Putin Accuses U.S. of Backing 'Neo-Fascists' and 'Islamic Radicals'


President Vladimir V. Putin of Russia on Friday unleashed perhaps his strongest diatribe against the United States yet, using an international meeting of Russia experts to sell Moscow's view that American meddling has sparked most of the world's recent crises, including those in Ukraine and the Middle East.

Instead of supporting democracy and sovereign states, Mr. Putin said during a three-hour appearance at the conference, the United States supports "dubious" groups ranging from "open neo-fascists to Islamic radicals."

"Why do they support such people," he asked the annual gathering known as the Valdai Club, which met this year in the southern resort town of Sochi. "They do this because they decide to use them as instruments along the way in achieving their goals, but then burn their fingers and recoil."

The goal of the United States, he said, was to try to create a unipolar world in which American interests went unchallenged.

Since Russia granted asylum to Edward J. Snowden, the American intelligence contractor, and the crisis in Ukraine, President Obama has increased pressure on the Kremlin, lumping Russia together with Ebola and terrorism as key threats to world stability. Washington has pushed its Western allies for a series of economic sanctions against Russia, resulting in cuts to financing from Western banks and halted oil exploration projects.

"We are at a dangerous point where on both sides, unilateral grievances have thoroughly spilled over into very, very emotional policies toward each other," said Cliff Kupchan, the chairman of the Eurasia Group, a Washington-based risk analysis organization, who was at the meeting.
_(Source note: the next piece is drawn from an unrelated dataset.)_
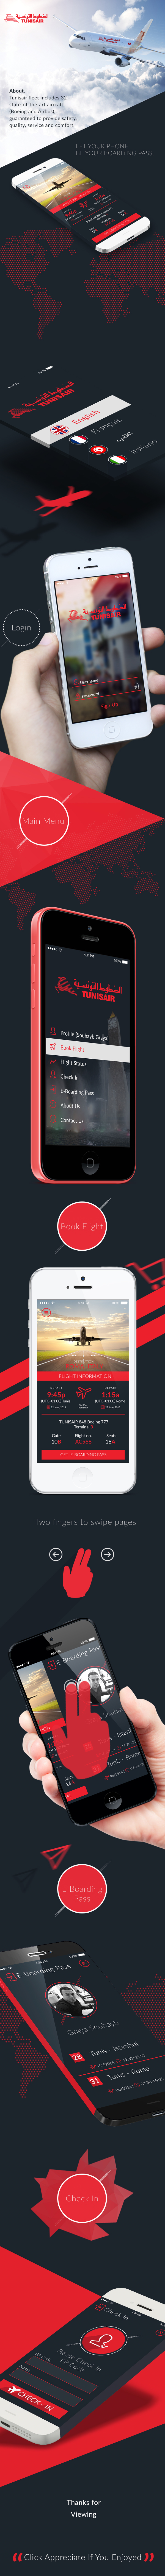 ios ios7 Tunisair tunisia Tunisie app iphone UI ux Illustrator Fly airplain Webdesign free psd
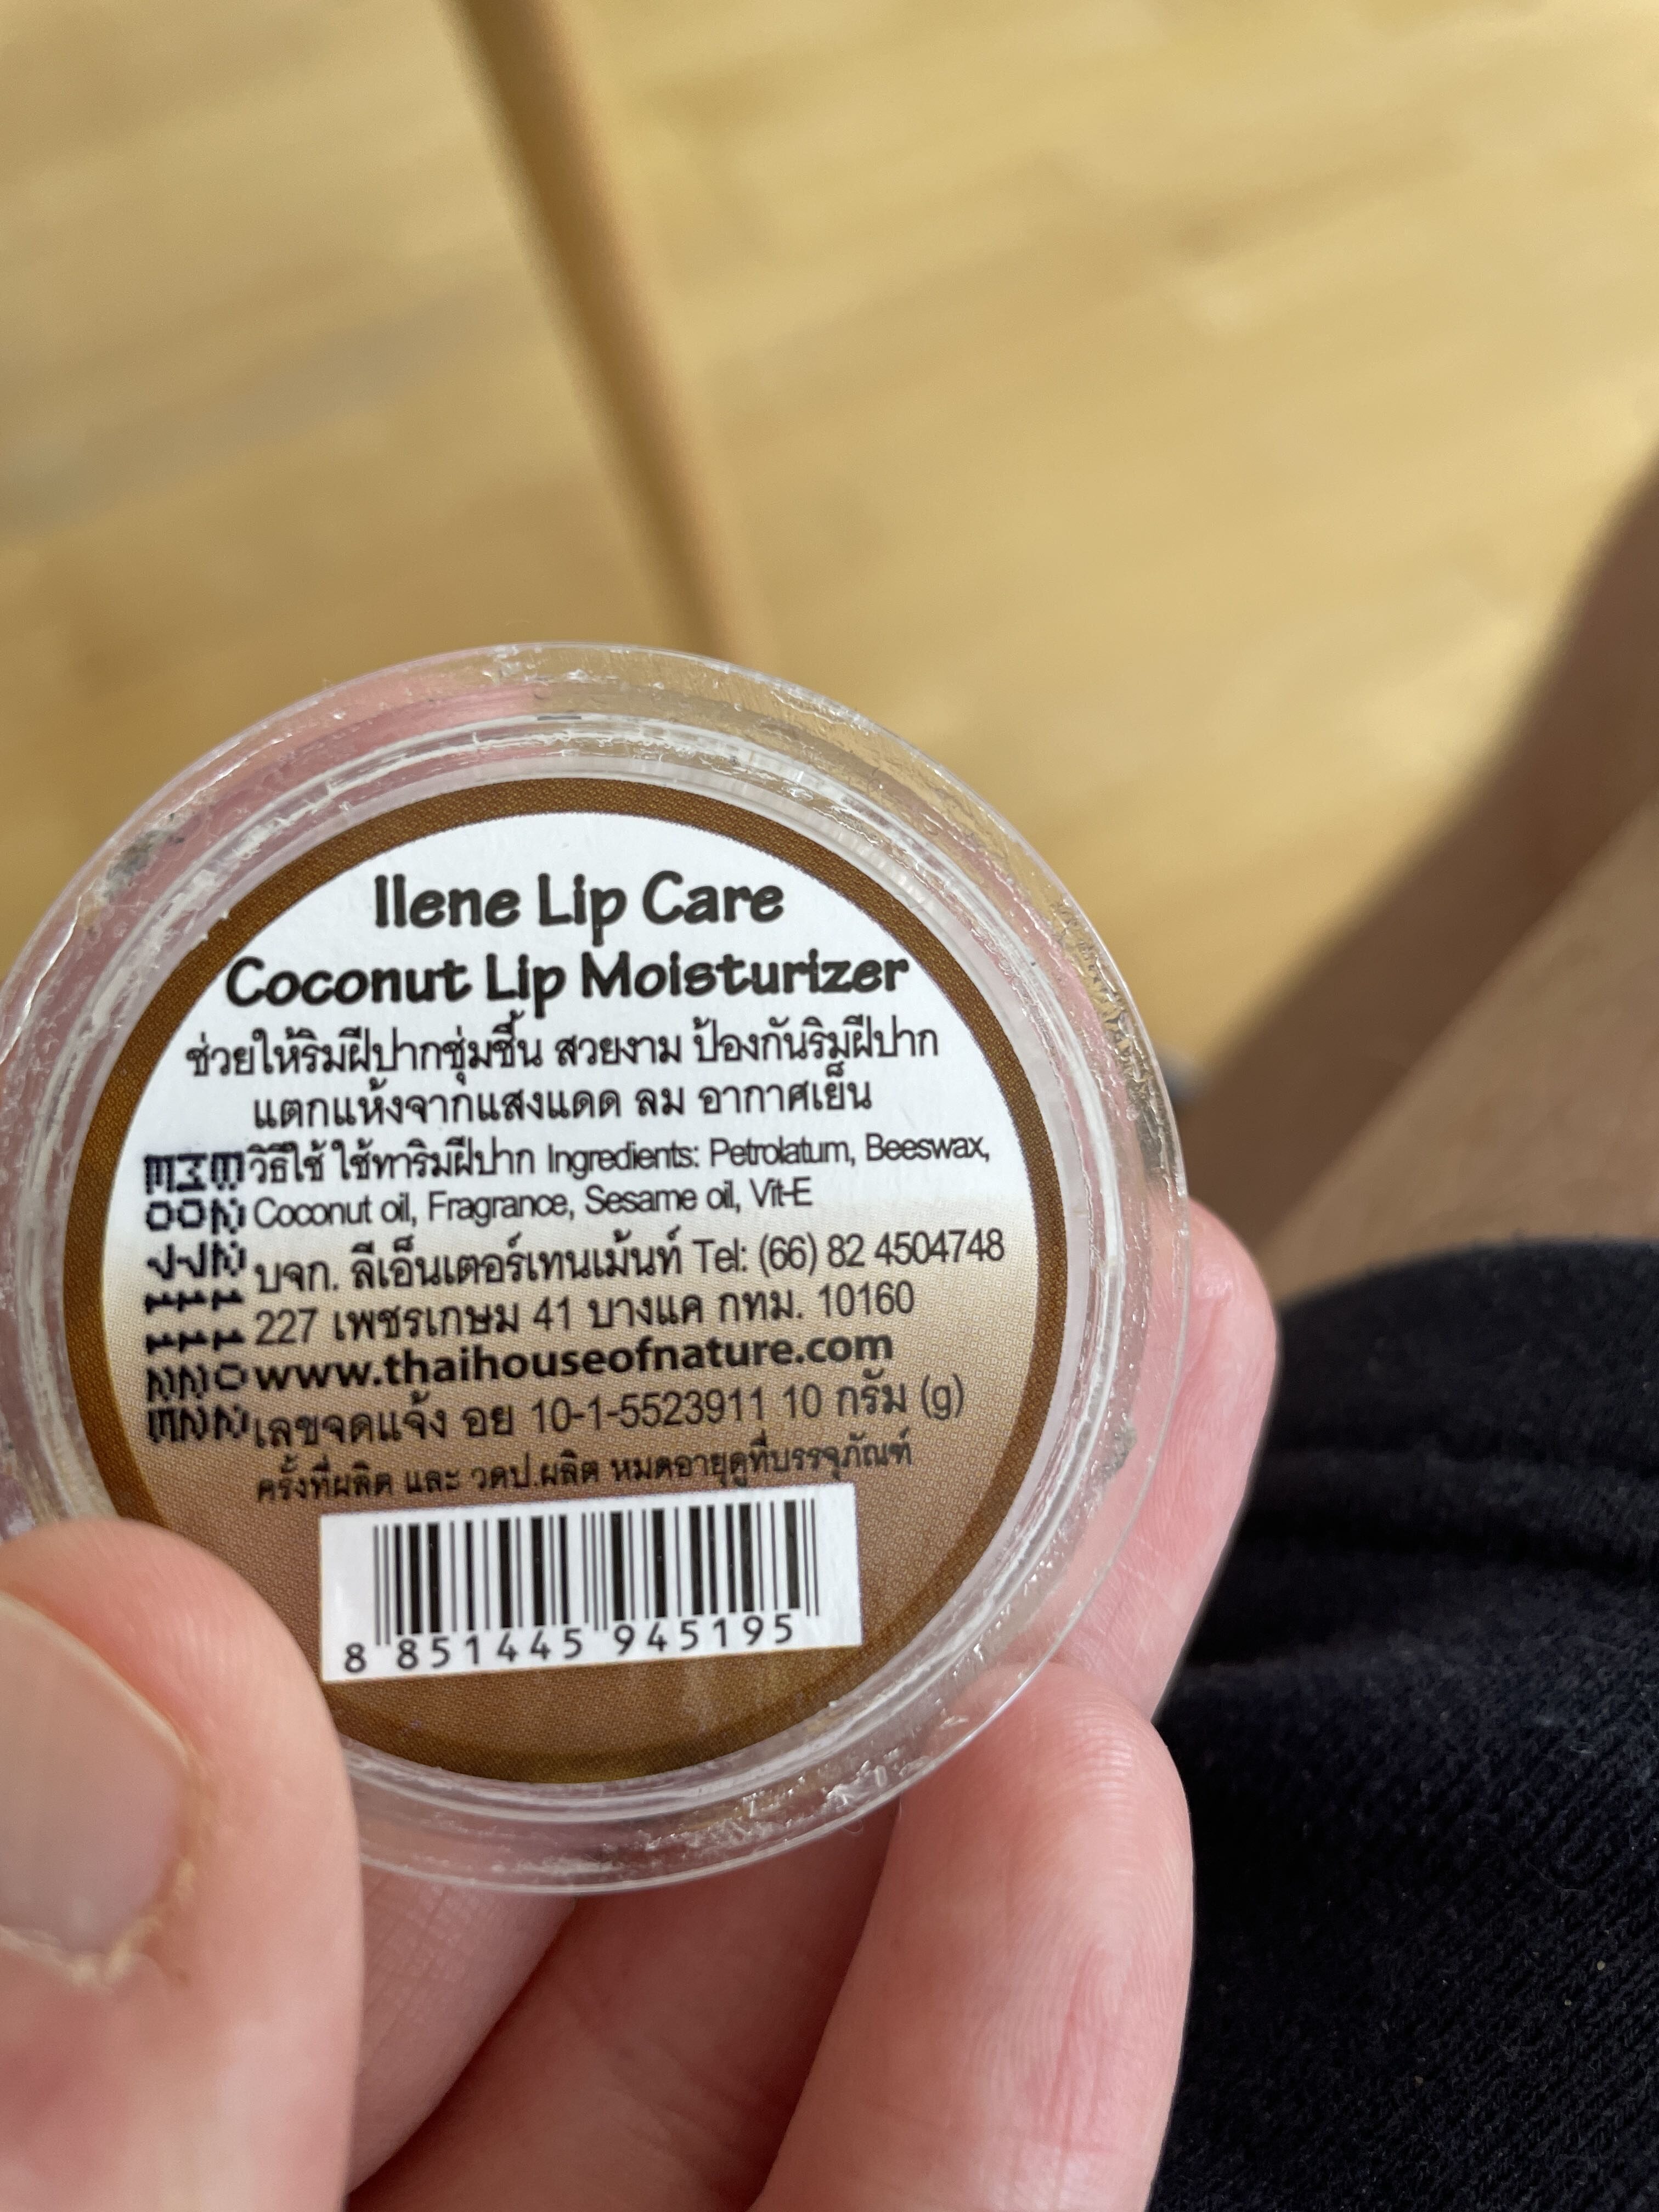 Coconut Lip Moisturizer - Product - en

"I think it is on a new level of acrimony," Mr. Kupchan said of Mr. Putin's speech. "I think this is a genuine message that 'Enough is enough, and I don't like being grouped with Ebola and I don't like these sanctions.' "

Russia is often accused of provoking the crisis in Ukraine by annexing Crimea, and of prolonging the agony in Syria by helping to crush a popular uprising against President Bashar al-Assad, Moscow's last major Arab ally. Some analysts have suggested that Mr. Putin seeks to restore the lost power and influence of the Soviet Union, or even the Russian Empire, in a bid to prolong his own rule.

Mr. Putin, however, specifically denied trying to restore the Russian Empire. He argued Russia was compelled to intervene in Ukraine because that country was in the midst of a "civilized dialogue" over its political future when the West staged a coup to oust the president last February, pushing the country into chaos and civil war.

"We did not start this," he said. "Statements that Russia is trying to reinstate some sort of empire, that it is encroaching on the sovereignty of its neighbors, are groundless."

Mr. Putin also disagreed with remarks by a senior Kremlin aide that Russia could not exist without the president, comments that provoked a mocking reaction on social media and elsewhere.

Vyacheslav V. Volodin, a deputy chief of staff, had told the conference that any attack on Mr. Putin was an attack on Russia. "There is Putin, there is Russia," Mr. Volodin was quoted as saying in the Russian news media during a closed session at Sochi. "No Putin, no Russia."

The president himself rejected the formula, saying in response to a question about it, "Russia will, of course, do without the likes of me."